● Work to be completed
Every line of the entries below that mentions "Water" is to be copied out.
** Material supplied follows **
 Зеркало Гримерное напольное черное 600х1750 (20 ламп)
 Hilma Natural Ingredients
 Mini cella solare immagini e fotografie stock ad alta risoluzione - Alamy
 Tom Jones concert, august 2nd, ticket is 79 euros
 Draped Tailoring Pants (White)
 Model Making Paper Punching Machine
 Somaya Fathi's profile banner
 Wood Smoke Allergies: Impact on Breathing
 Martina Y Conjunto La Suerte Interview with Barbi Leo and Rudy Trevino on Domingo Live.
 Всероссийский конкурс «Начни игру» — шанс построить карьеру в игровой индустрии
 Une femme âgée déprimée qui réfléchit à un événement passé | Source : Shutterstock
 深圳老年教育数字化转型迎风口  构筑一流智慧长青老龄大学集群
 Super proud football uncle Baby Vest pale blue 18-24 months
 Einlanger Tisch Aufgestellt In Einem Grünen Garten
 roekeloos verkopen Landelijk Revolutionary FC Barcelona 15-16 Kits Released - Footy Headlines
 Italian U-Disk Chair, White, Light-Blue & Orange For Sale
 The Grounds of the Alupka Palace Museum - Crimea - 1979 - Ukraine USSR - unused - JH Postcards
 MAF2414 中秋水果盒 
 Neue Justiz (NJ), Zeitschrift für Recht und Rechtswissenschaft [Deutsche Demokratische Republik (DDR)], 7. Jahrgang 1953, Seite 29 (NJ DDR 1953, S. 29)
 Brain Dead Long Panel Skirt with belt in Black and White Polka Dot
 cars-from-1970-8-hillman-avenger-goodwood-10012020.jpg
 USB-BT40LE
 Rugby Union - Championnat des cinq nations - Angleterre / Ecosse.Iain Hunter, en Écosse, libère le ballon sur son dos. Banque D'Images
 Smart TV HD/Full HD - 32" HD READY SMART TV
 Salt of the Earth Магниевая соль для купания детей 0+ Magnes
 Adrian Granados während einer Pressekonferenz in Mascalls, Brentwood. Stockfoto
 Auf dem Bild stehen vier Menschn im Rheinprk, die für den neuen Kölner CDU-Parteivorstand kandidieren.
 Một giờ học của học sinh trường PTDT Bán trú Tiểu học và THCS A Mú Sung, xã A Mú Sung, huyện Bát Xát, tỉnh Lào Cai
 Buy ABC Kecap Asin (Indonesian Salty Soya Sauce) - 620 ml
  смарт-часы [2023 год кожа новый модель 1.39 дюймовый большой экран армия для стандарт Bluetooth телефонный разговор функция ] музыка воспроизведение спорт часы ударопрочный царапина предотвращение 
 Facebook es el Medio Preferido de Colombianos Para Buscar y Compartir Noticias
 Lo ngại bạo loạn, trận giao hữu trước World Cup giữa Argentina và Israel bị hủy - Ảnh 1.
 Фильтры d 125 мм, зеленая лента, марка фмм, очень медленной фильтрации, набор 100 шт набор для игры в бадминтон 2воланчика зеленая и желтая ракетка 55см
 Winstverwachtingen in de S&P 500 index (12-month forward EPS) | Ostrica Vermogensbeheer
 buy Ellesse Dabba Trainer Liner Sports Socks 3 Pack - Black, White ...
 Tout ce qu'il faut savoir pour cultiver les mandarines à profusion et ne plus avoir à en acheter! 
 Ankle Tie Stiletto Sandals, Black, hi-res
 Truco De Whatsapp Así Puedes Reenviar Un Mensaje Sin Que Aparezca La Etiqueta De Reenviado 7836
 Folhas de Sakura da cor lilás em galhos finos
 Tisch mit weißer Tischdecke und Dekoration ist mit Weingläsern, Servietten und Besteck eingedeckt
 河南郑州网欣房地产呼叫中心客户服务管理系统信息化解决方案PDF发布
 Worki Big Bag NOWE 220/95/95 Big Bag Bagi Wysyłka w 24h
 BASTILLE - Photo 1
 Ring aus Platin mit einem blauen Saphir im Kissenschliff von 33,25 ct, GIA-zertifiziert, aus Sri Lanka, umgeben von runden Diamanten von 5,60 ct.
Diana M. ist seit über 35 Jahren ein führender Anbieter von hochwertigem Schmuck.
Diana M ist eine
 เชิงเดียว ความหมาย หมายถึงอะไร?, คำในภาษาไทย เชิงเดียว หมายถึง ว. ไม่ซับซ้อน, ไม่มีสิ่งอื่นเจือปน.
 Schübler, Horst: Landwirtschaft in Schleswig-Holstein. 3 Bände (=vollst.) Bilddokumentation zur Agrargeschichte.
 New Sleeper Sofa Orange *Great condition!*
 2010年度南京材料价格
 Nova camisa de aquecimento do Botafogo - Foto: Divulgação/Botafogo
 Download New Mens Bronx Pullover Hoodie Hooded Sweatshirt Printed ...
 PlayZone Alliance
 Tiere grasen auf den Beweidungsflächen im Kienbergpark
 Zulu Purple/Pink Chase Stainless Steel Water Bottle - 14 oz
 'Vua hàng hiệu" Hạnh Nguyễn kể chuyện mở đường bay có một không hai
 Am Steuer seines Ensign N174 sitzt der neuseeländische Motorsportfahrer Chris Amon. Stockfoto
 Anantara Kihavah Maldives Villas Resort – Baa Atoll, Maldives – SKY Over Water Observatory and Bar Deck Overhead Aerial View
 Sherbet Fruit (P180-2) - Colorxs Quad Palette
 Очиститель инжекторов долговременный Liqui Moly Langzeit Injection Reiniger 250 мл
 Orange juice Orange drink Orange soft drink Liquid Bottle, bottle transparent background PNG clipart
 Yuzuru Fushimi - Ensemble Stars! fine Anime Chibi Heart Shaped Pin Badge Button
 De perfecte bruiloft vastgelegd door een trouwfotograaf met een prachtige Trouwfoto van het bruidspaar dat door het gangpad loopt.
** End of Material supplied **
● Written reply
 Zulu Purple/Pink Chase Stainless Steel Water Bottle - 14 oz
 Anantara Kihavah Maldives Villas Resort – Baa Atoll, Maldives – SKY Over Water Observatory and Bar Deck Overhead Aerial View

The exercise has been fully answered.